Vietnam’s growth push faces funding, labor and energy tests
Vietnam is drawing manufacturers and investors, but Fortune reports that high-income ambitions face tight capital, rising costs and aging demographics.
By Maya Lindqvist · Senior Technology Correspondent
3 min read
Vietnam’s economy is expanding faster than most of its neighbors, helped by manufacturing, infrastructure spending and a rising consumer market, Fortune reported. The pace matters because Hanoi has set targets that would require the country to sustain unusually rapid growth for years.
According to Fortune, Vietnam’s economy grew 8% last year, compared with 5% in Malaysia, the next-fastest major economy in Southeast Asia cited in the report. Fortune put Vietnam’s GDP at $527 billion and said the country has passed Malaysia and the Philippines while narrowing the gap with Thailand.
The country’s benchmark VN-Index has risen more than 35% over the past 12 months, Fortune reported. FTSE Russell is set to move Vietnam to secondary emerging-market status in September, a change Fortune said could draw billions of dollars from passive investment funds.
Manufacturing boom brings limits
Vietnam has benefited from companies shifting some production out of China, Fortune reported. The magazine cited investments by Samsung, Apple and Nintendo in factories that make electronics and other goods for global markets.
Alberto Vettoretti, a senior ASEAN executive at Ascentium, told Fortune that foreign direct investment accounts for 80% of Vietnam’s exports. Michael Piro, co-CEO of Indochina Capital, told Fortune that much of the manufacturing surge involves foreign-owned companies doing foreign business, limiting how much wealth reaches Vietnamese households.
Fortune reported that many factories serving global brands are backed by Chinese capital. Piro told the magazine that about 70% of tenants in Indochina Capital’s industrial parks are mainland Chinese manufacturers, with Taiwanese companies accounting for another 20%.
Vietnam has also reached a trade arrangement with Washington after a period of tariff uncertainty, Fortune reported. The agreement set U.S. tariffs on Vietnamese goods at 20%, below the 46% rate threatened in April 2025, while goods judged to be transshipped from China face a 40% tariff, according to Fortune.
Government sets ambitious targets
Hanoi wants annual growth of 10% by 2030 and high-income status by 2045, Fortune reported. That would require per capita gross national income to rise from about $4,500 to $14,000, according to the magazine.
Fortune said the government is trying to strengthen the private sector through Resolution 68, which describes private business as the main force in the national economy. The measure calls for 2 million private enterprises by 2030 and 20 large private companies able to compete globally, Fortune reported.

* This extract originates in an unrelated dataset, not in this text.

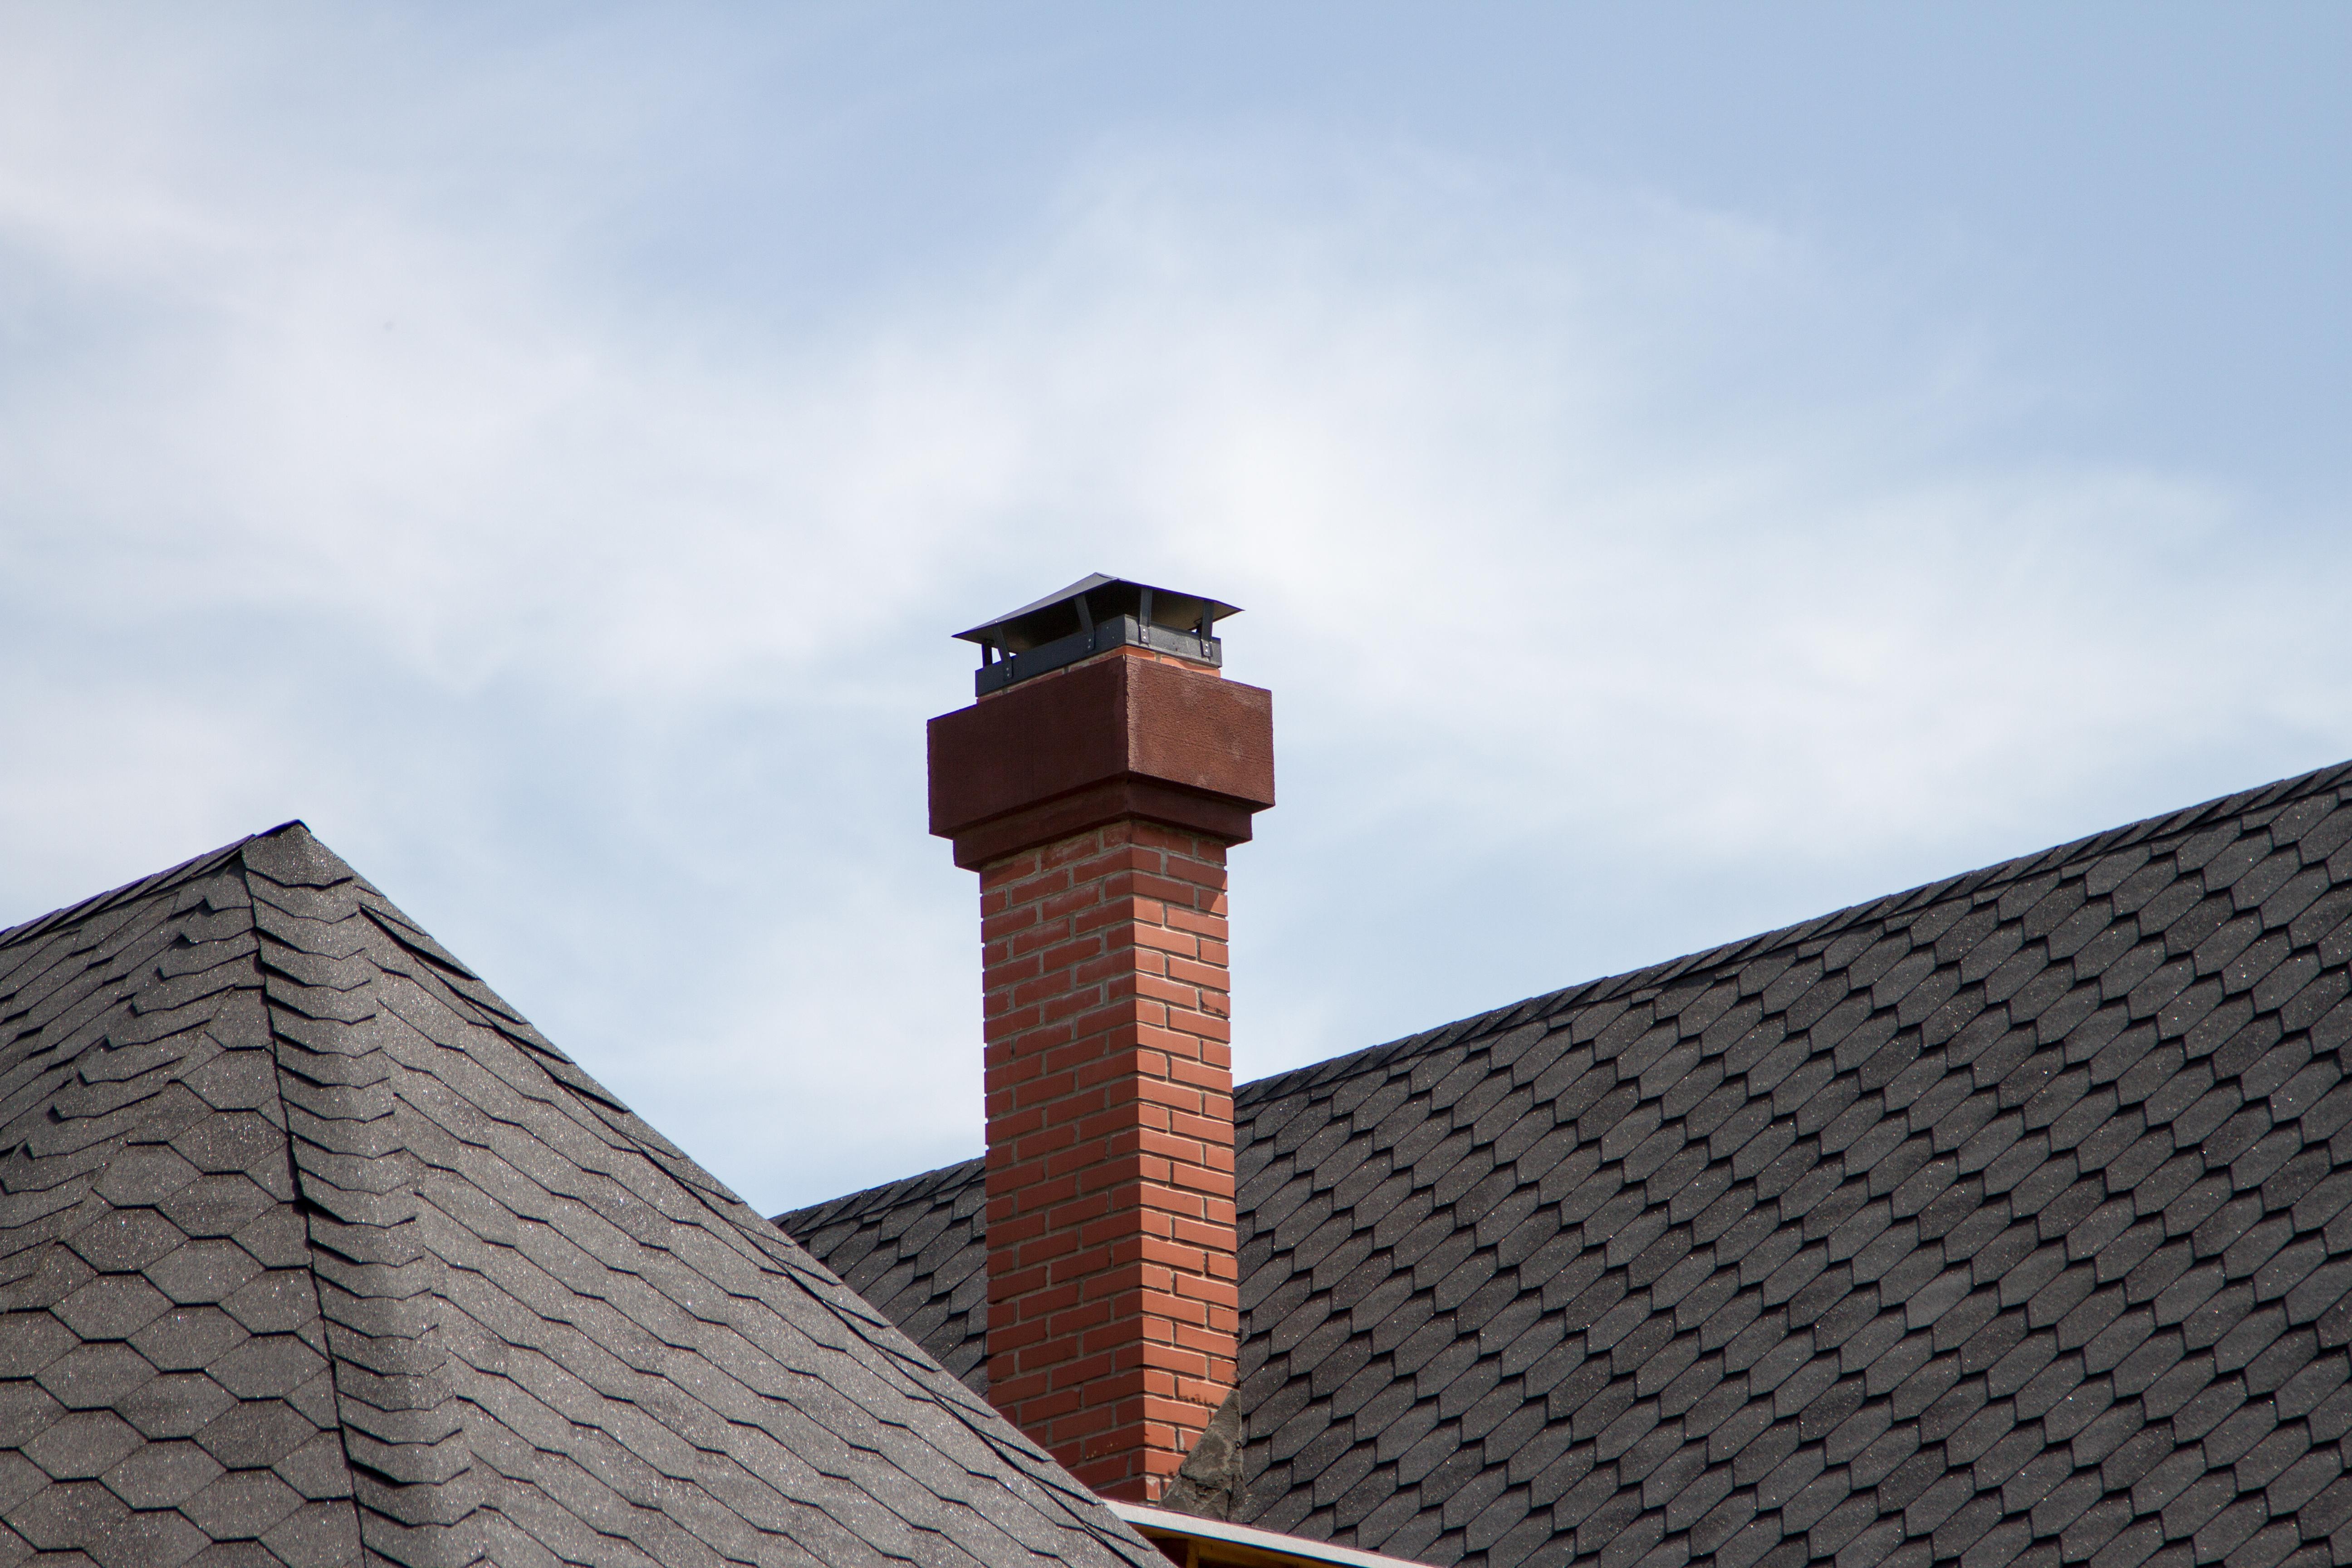 A brick chimney on a house.

The state is also backing large infrastructure projects. Fortune reported that Vietnam has approved a $67 billion high-speed rail line between Hanoi and Ho Chi Minh City and plans $25 billion in airport spending by 2030, including a replacement for the overloaded Tan Son Nhat International Airport.
Vinhomes CEO Nguyen Thu Hang told Fortune that sustaining high growth is the hard part. She said Vietnam needs development beyond Hanoi and Ho Chi Minh City, including better infrastructure across more regions.

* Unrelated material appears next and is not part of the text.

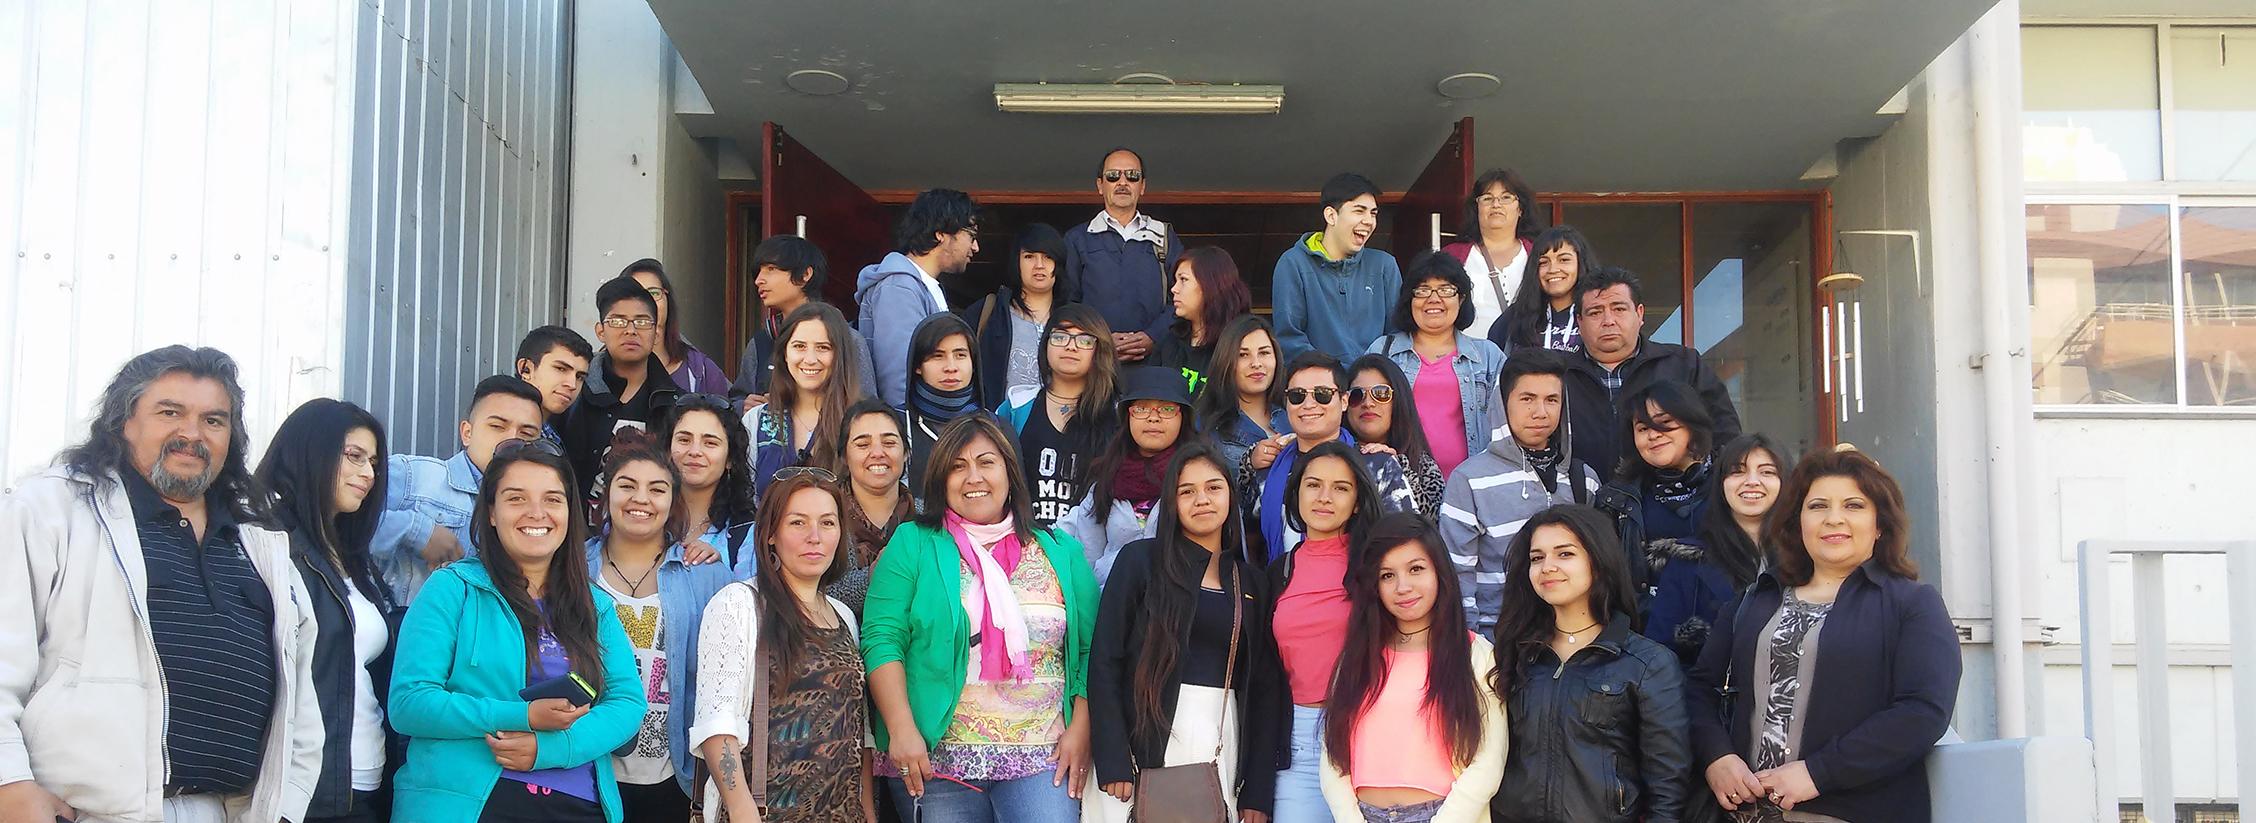 Segunda Visita Guiada Observatorio Interamericano Cerro El Tololo

Capital, workers and power pose risks
Outside forecasts are below Hanoi’s target. Fortune cited World Bank growth expectations of 6.8% for 2026, an OECD forecast of 6.2%, and projections of about 7% from the Asian Development Bank, the International Monetary Fund and the ASEAN+3 Macroeconomic Research Office.
HSBC forecasts 6.5% growth for 2026 and warned that downside risks are rising, Fortune reported. Inflation has reached 5.8%, above the central bank’s ceiling, according to the magazine.

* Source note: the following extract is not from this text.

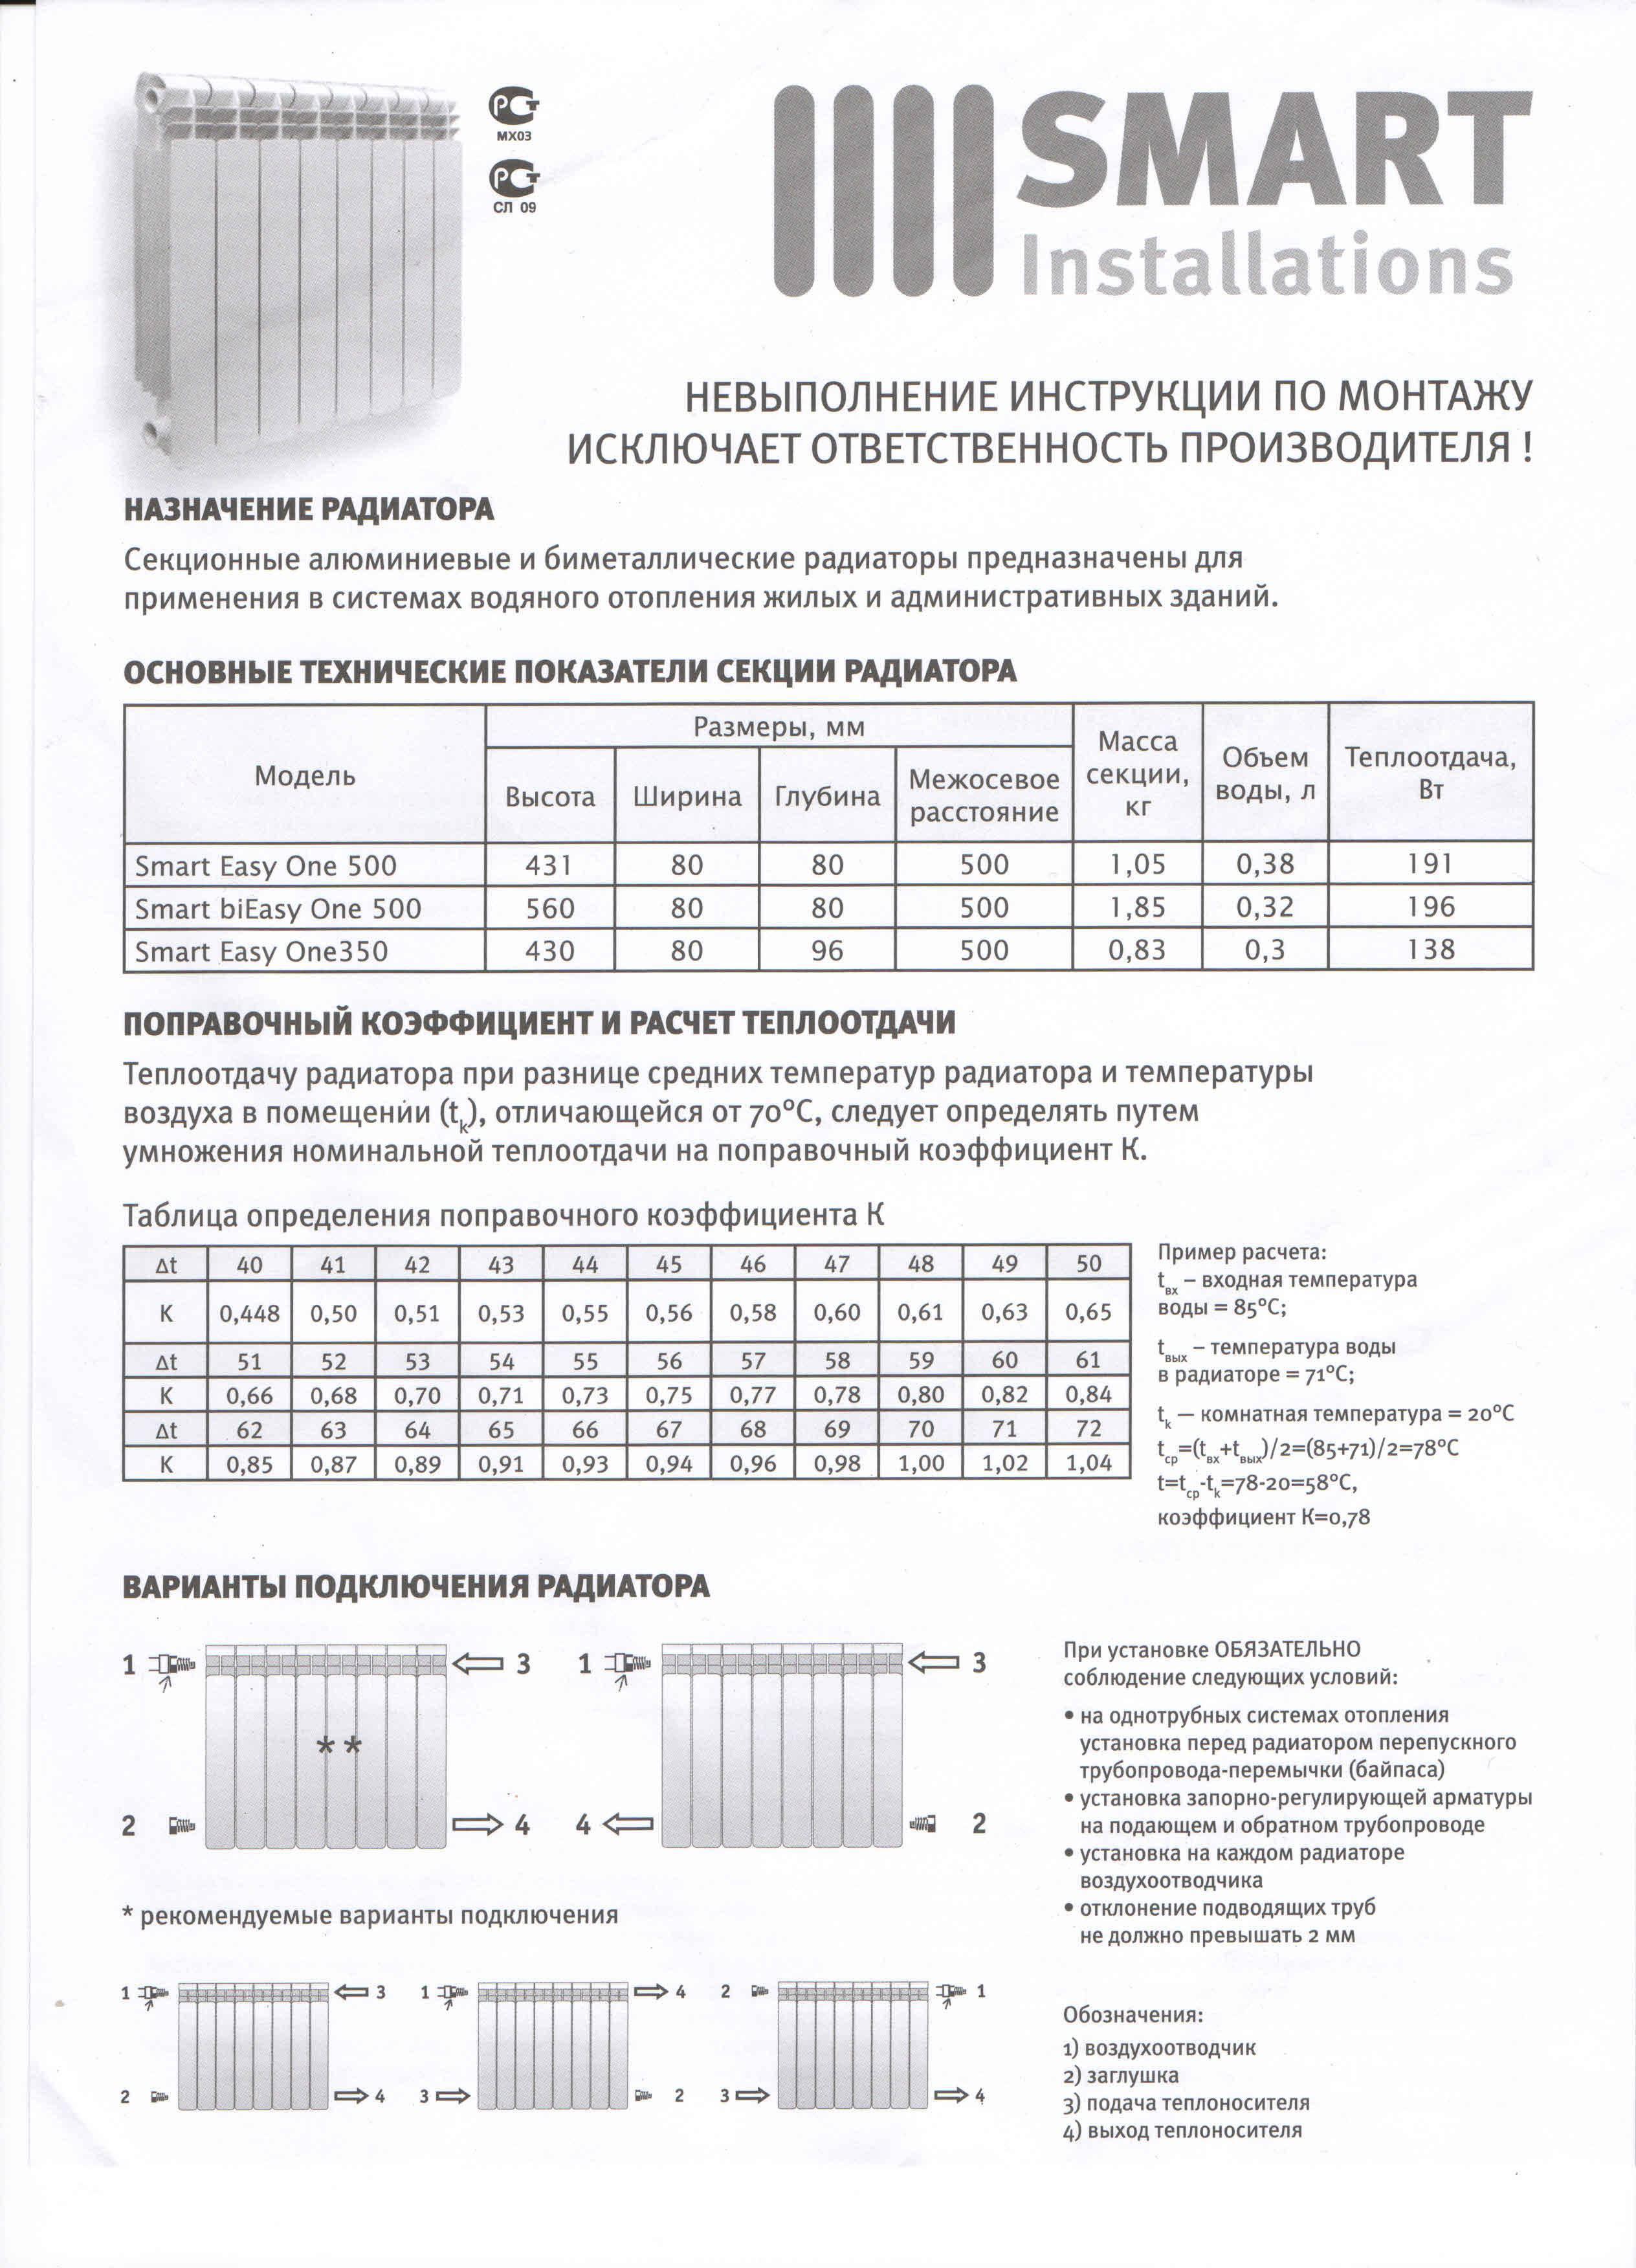 Чугунные радиаторы отопления: история, характеристики, монтаж   гид по отоплению

Financing is a central challenge. Fortune reported that outside estimates put Vietnam’s infrastructure needs at $160 billion by 2030, while Techcombank CEO Jens Lottner estimated a $200 billion financing gap on top of $1.1 trillion in total investment needs.
Labor is tightening as construction and manufacturing expand, Fortune reported. The magazine said low-value manufacturing is already shifting to cheaper markets such as Cambodia and Bangladesh, while the United Nations projects that more than a quarter of Vietnam’s population will be over 60 by 2050.
Energy supply is another constraint. Fortune reported that Vietnam’s grid has faced outages, especially in the north, and that the country still depends heavily on fossil fuels while renewable projects take time to scale.
This story draws on original reporting from Fortune.